The systematic search retrieved 6369 citations, of which 81 studies comprising more than 2 million participants were eligible for inclusion. One-third of studies were in cardiovascular surgery patients and one-third were performed in Europe. Reporting of methods was incomplete in many studies. The most common sources of bias were poor representativeness of patient cohorts, and insufficient duration and completeness of follow up. Funnel plot asymmetry reflected a lack of small studies with negative effects.

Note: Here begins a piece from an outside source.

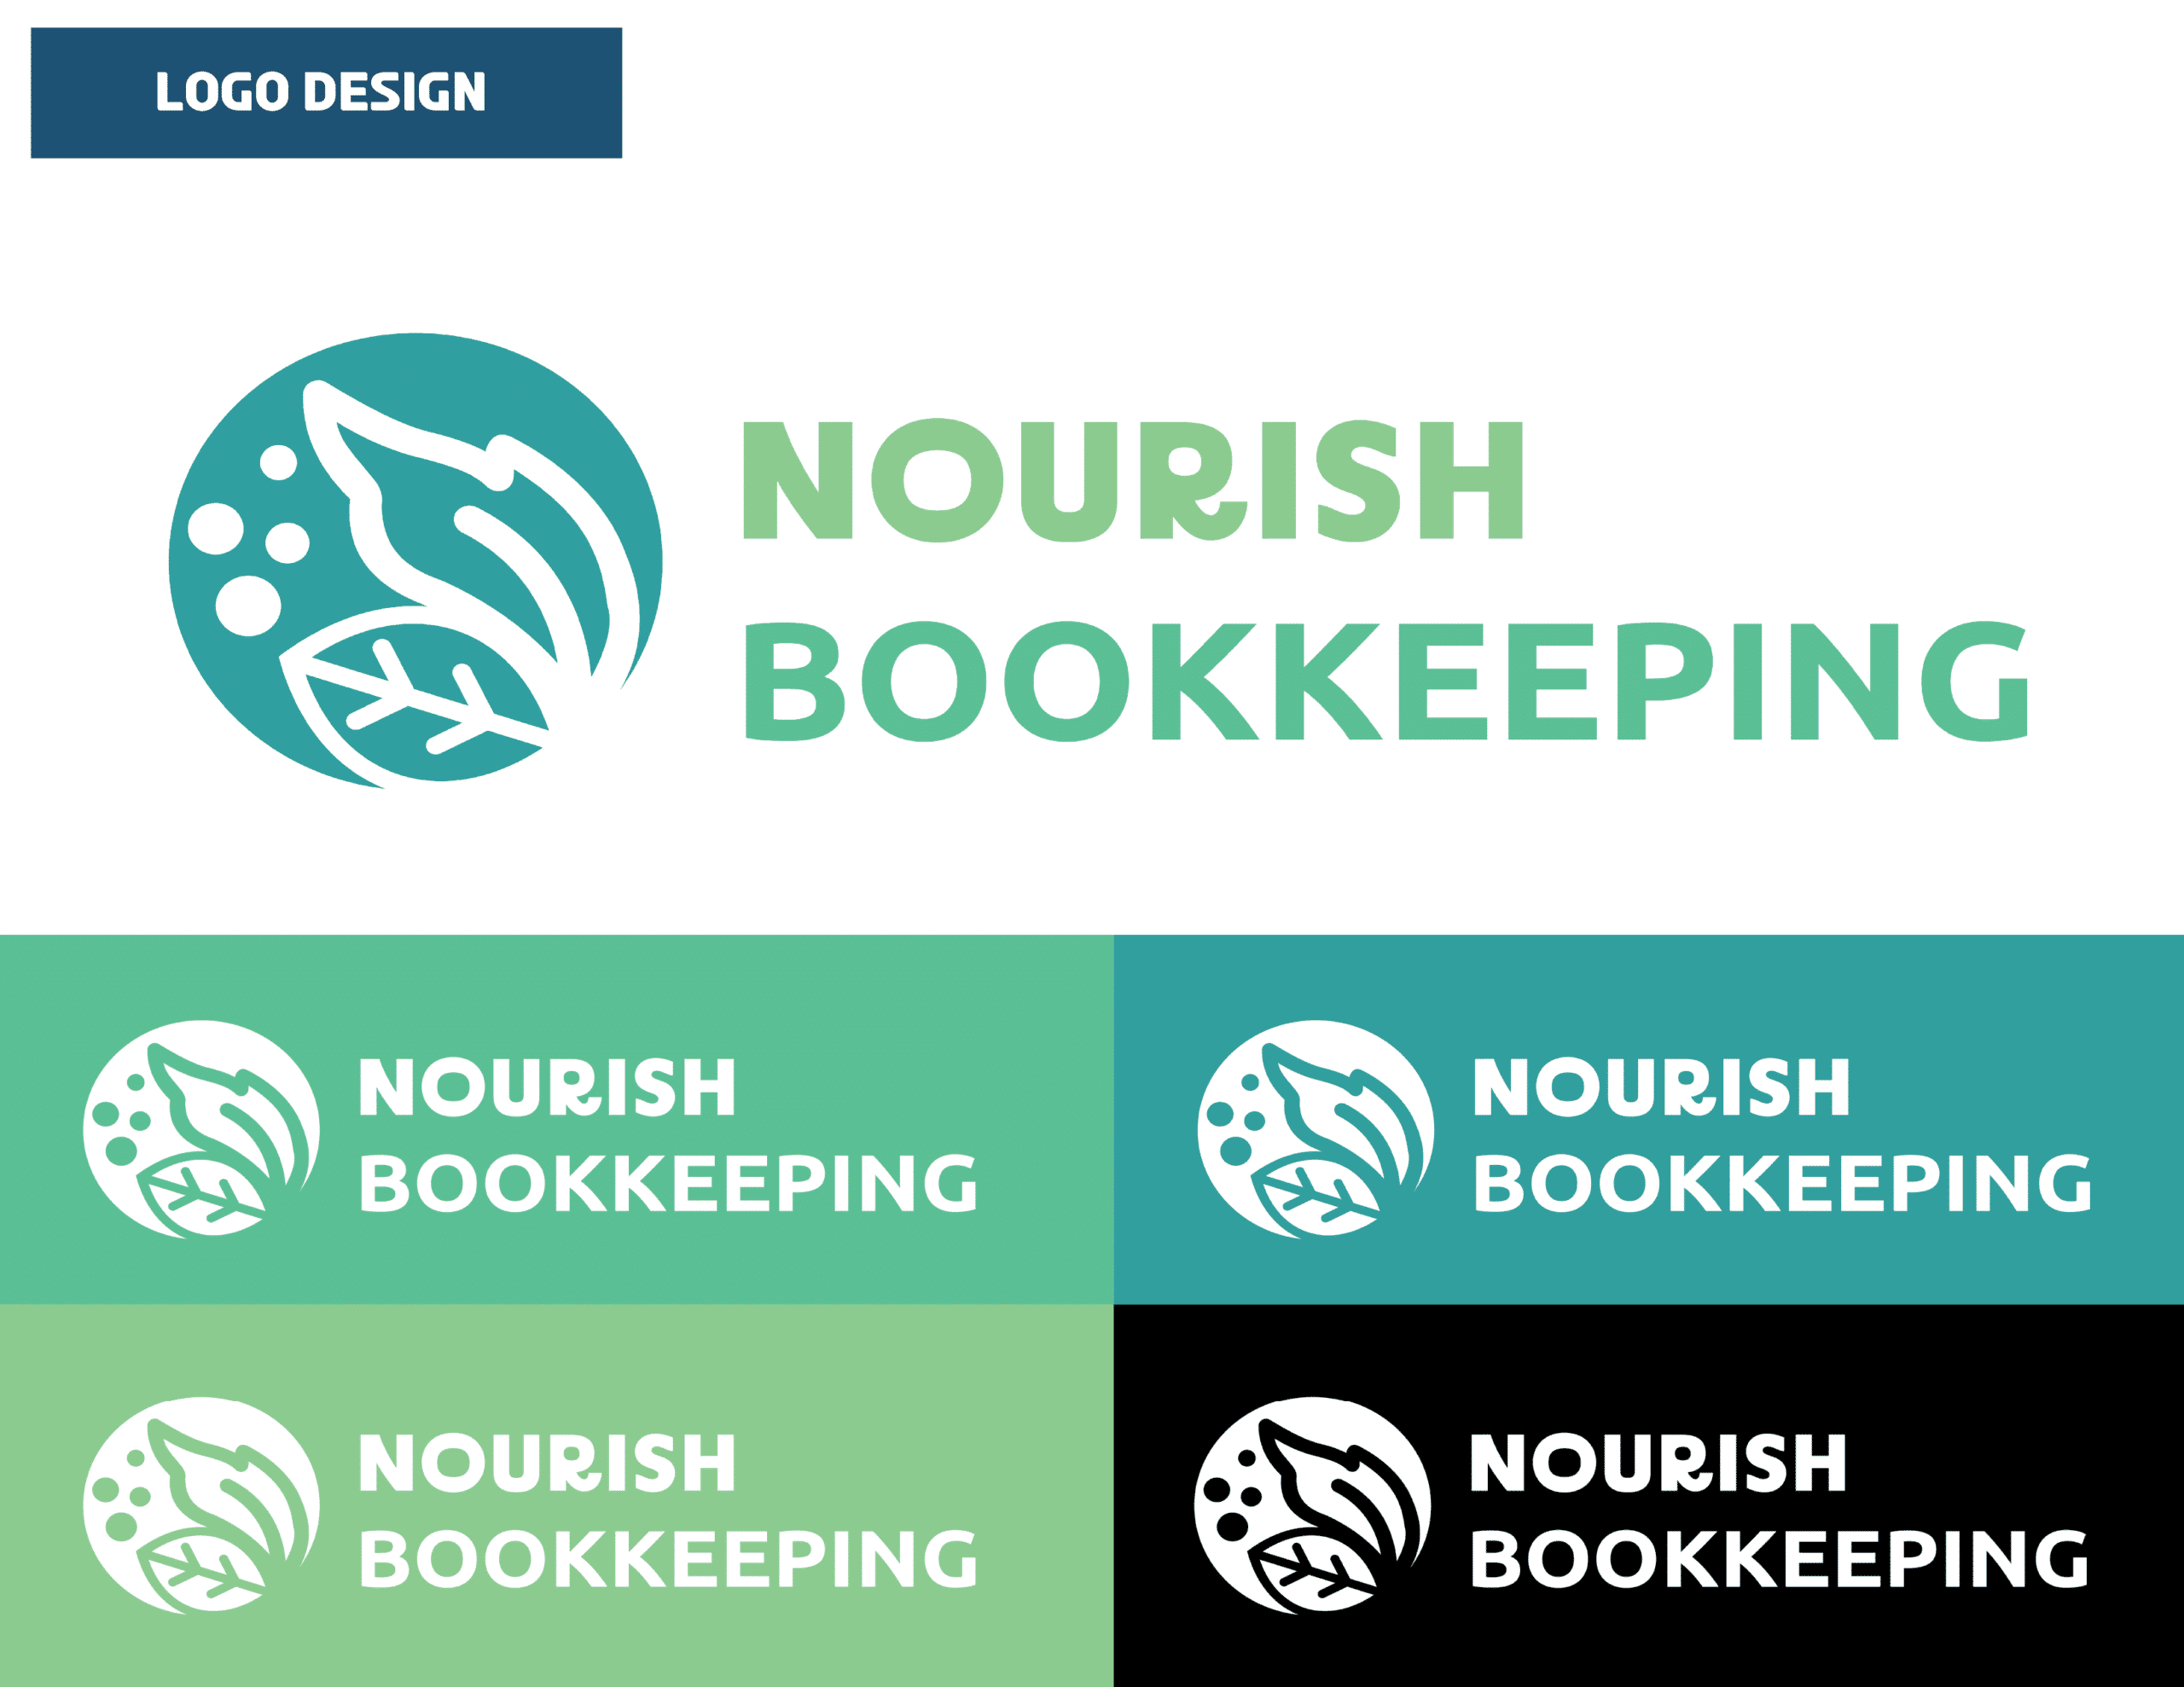 01_NourishBookkeeping_Logo Design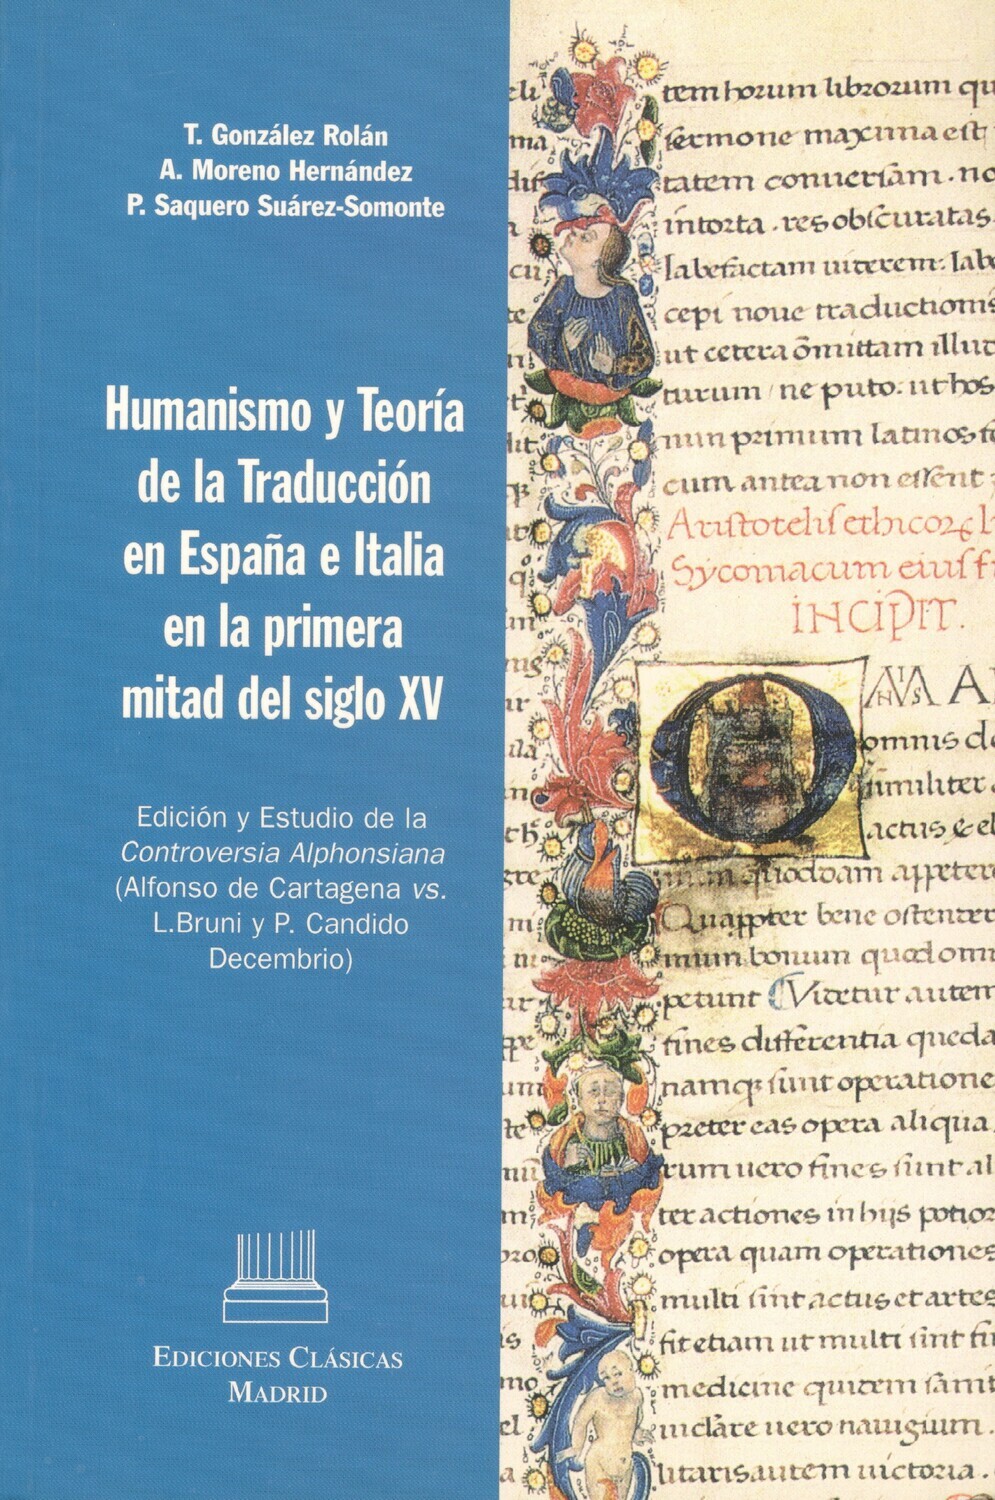 HUMANISMO Y TEORÍA DE LA TRADUCCIÓN EN ESPAÑA E ITALIA EN LA PRIMERA MITAD DEL SIGLO XV

AKI was associated with a significantly increased risk of death across all subgroups: angiography (HR 3.07, 95%CI 2.12-4.46), cardiovascular surgery (HR 1.75, 95%CI 1.55-1.98), intensive care (HR 1.47, 95%CI 1.32-1.65), and hospital (HR 1.41, 95%CI 1.26-1.56). The risk of death increased from stage 1 (HR 1.35, 95%CI 1.27-1.44) to stage 3 (HR 2.76, 95%CI 2.28-3.35). AKI was associated with increased risks of CKD (HR 2.86, 95%CI 2.09-3.91) and ESKD (HR 4.81, 95%CI 3.04-7.62). Heterogeneity between studies was high.


AKI was associated with inferior long-term survival and an increased risk of adverse renal outcomes. The risk of a poort outcome increased with greater AKI severity. Patients undergoing angiography and cardiovascular surgery were at greatest risk.